Lucene using Snowball and SpellChecker brings back strange values

957 views Asked by At

I am trying to get SpellChecker setup using Lucene.NET, it all works fine other than situations similar to the following:

I have text containing satellite in the index, I analyze it using Snowball.

I then create a SpellChecker index and get suggestions from it. The suggestion I get returned when passing in "Satalite" is "satellit".

I am assuming this is because Snowball is stemming Satellite down to satellit and hence SpellChecker is returning that as the suggestion.

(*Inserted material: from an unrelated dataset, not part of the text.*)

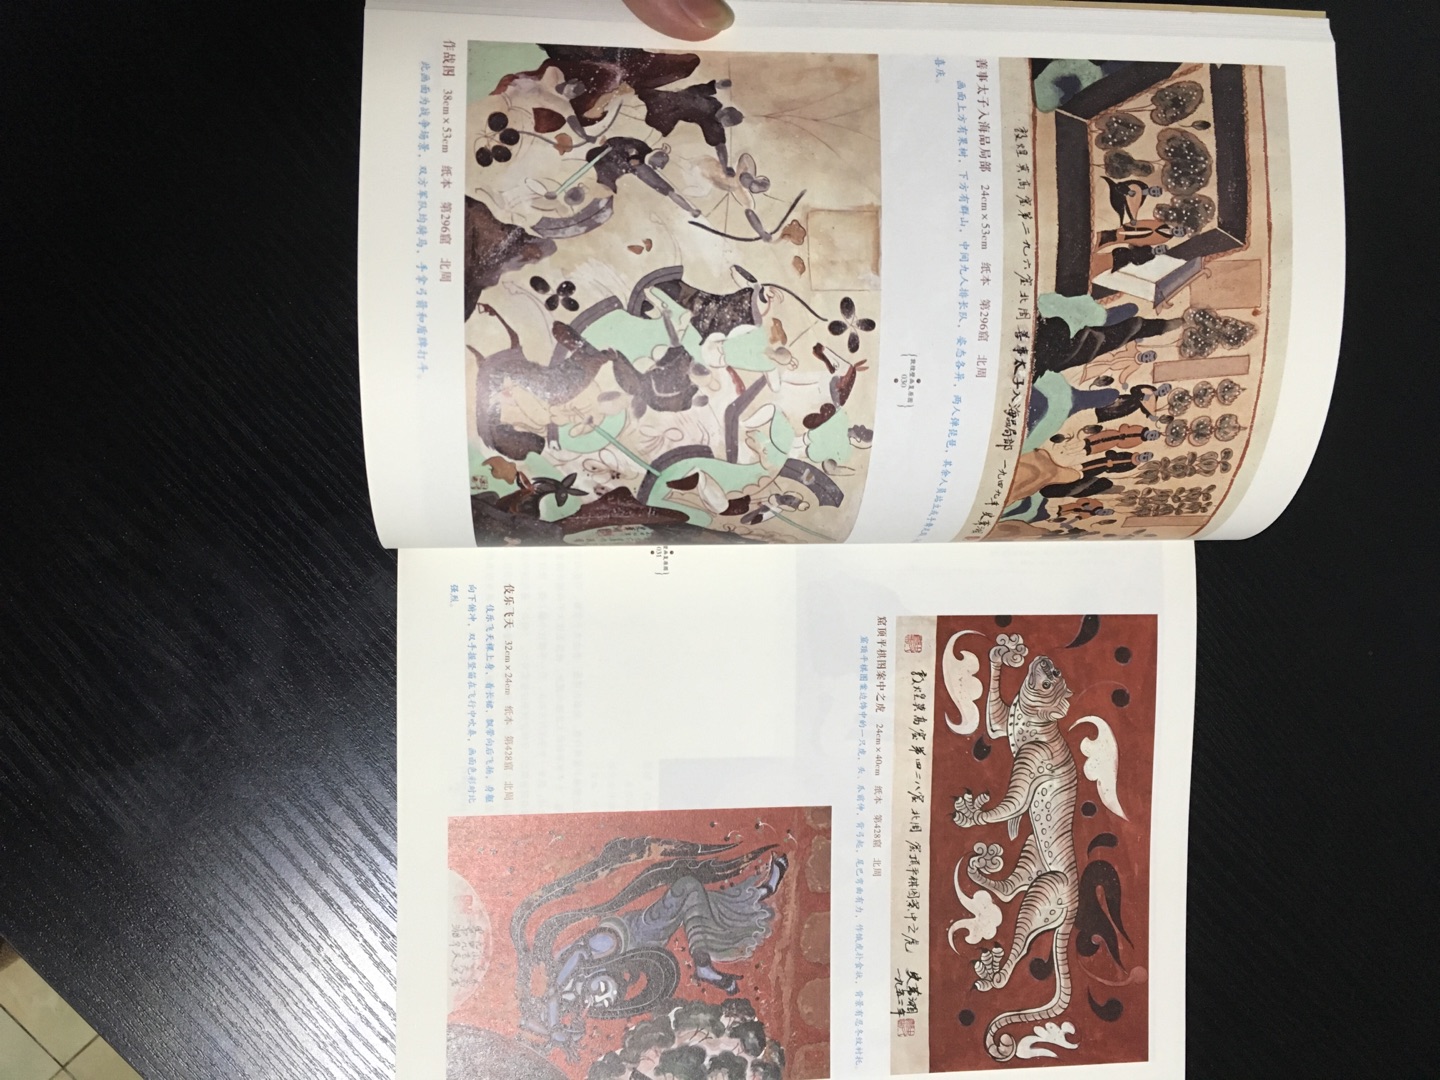 很精美的一本书，展示了中国绘画艺术的魅力。书籍质量值得点赞。

Is there anyway around this so I can use the two together other than creating an additional field for non stemmed words just so the spell checker can check that?

2

There are 2 answers

0
John_ On BEST ANSWER

As Shashikant mentioned above:

You are right, this happens due to stemming. Unfortunately, the stemmed words not meant only for search and outside search they can be meaningless. Even I don't know any other technique than storing it multiple times. That additional field can be configured to store as little information as possible to reduce the burden. – Shashikant Kore Dec 2 at 14:08

0
Haldrich98 On

Have you considered putting the words generated by the snowball filter in as synonyms? That is a direction I'm going... don't know how well it will work, but seems plausible. Then spellchecker will return the right words, but I can still do my searches and find the stemmed variant.